Como su mano estaba demasiado alta, con la cola prensil la rodeé por las rodillas:
- ¡No se preocupe -murmuré- si a usted no le incomoda, a partir de hoy voy a venir a visitarla!
En sus pupilas siliconadas se encendió un pequeño brillo:
- ¿Habla en serio?
- ¡Es una promesa!
- ¿Eso quiere decir que ya somos pareja? -preguntó de golpe.
Y aquí sí,  confieso,  me quedé sin palabras. La sexualidad es un tema complejo, me considero bastante ilustrado al respecto, he visto investigaciones serias, he reflexionado y arriesgado conclusiones, pero por lo que le he contado, usted comprenderá que soy alguien ‘técnicamente’ virgen. Ser pareja de otro trae como resultado la unión de los sexos, y que alguien como esta preciosura me propusiese justamente eso, así de golpe y en un día tan cargado de sucesos fuertes... La verdad que me sentí un manojo de nervios y ya no pude hilvanar pensamiento. En tal estado de confusión estaba cuando siento que abren la puerta, me doy vuelta y veo a la mujer pequeña:
- ¡Gastón, "eso" está en mi taller, que salga,  que salga, que salga!...-se puso a berrear como un crío. Apareció Gastón y me ató la correa:
- ¡No está haciendo nada, Nora, tranquilizate! Lo voy a llevar a la plaza...

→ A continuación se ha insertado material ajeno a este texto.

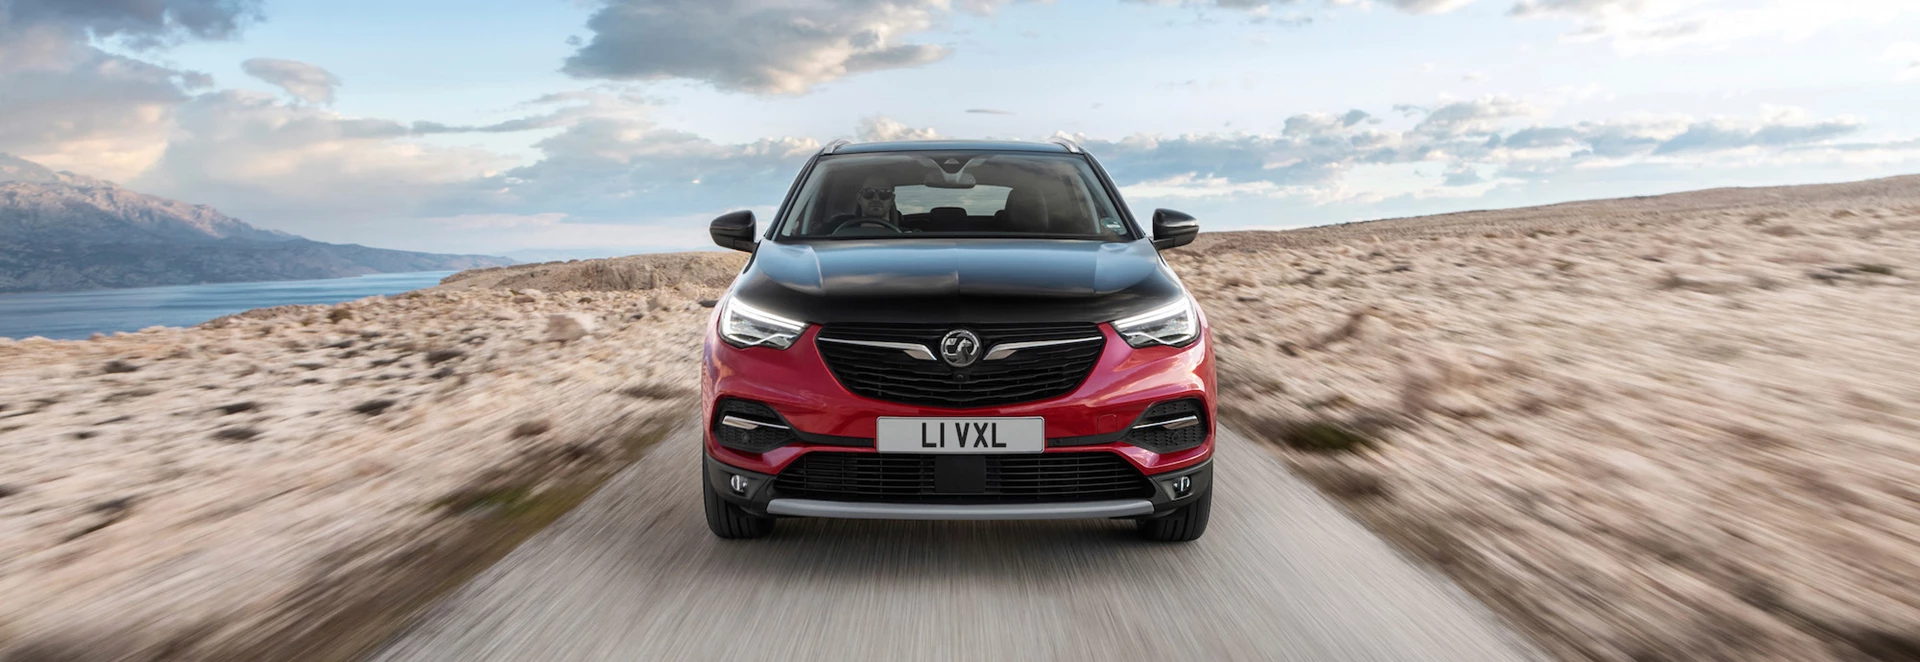 Vauxhall’s reveals new plug-in hybrid Grandland X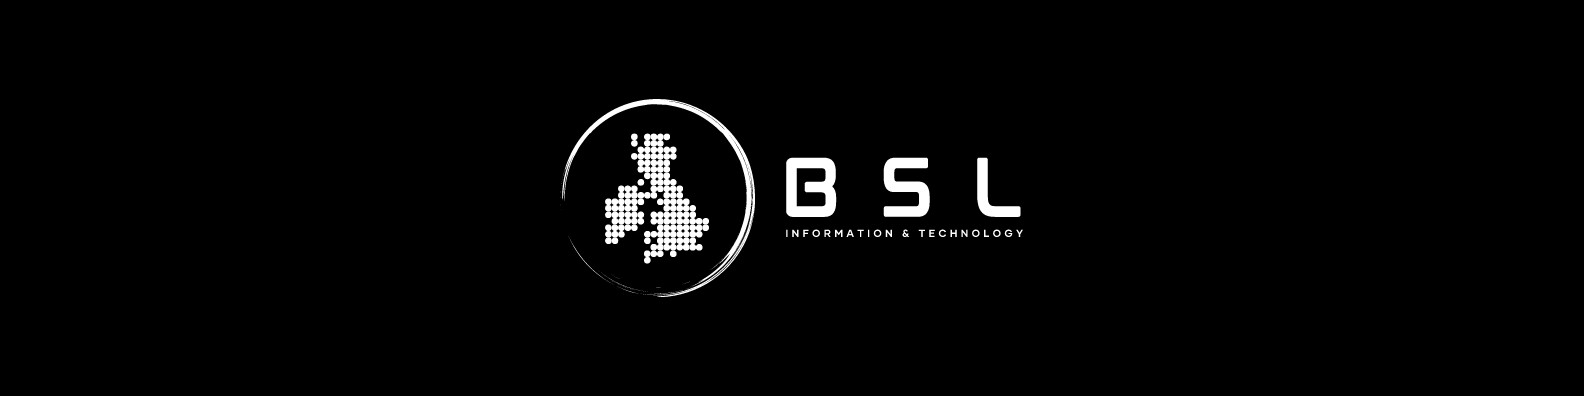 BSL-IT logo

- ¡Vos estás rematadamente loco! –lo atacó la mujer pequeña.
Pero Gastón, con suavidad la convenció de que no había por qué preocuparse, que a esa hora de la tarde la calle estaba tranquila, que a él también le haría bien estirar las piernas, que no podía suceder nada extraño.
   Y así fue que me vi arrastrado a la calle sin responder a la íntima proposición de mi amada. El hilo invisible de nuestras miradas se tensó, hasta que la puerta del cuarto de costura lo seccionó con un chasquido opaco.
En este mundo extravagante, resulta tan improbable para alguien como yo descubrirse reflejado en los ojos de una compañera. Usted dice que no es casado pero que ha experimentado el amor sensual, comprenderá que haber encontrado a Aurora para mí representaba un milagro, éramos dos soledades que se reconocían en el acto, y cuando sucede algo parecido uno se hace la ilusión que tiene que ser para siempre. Frívola ilusión.
                                                      
- ¡No es lejos, no te preocupes! –procuró tranquilizarme Gastón.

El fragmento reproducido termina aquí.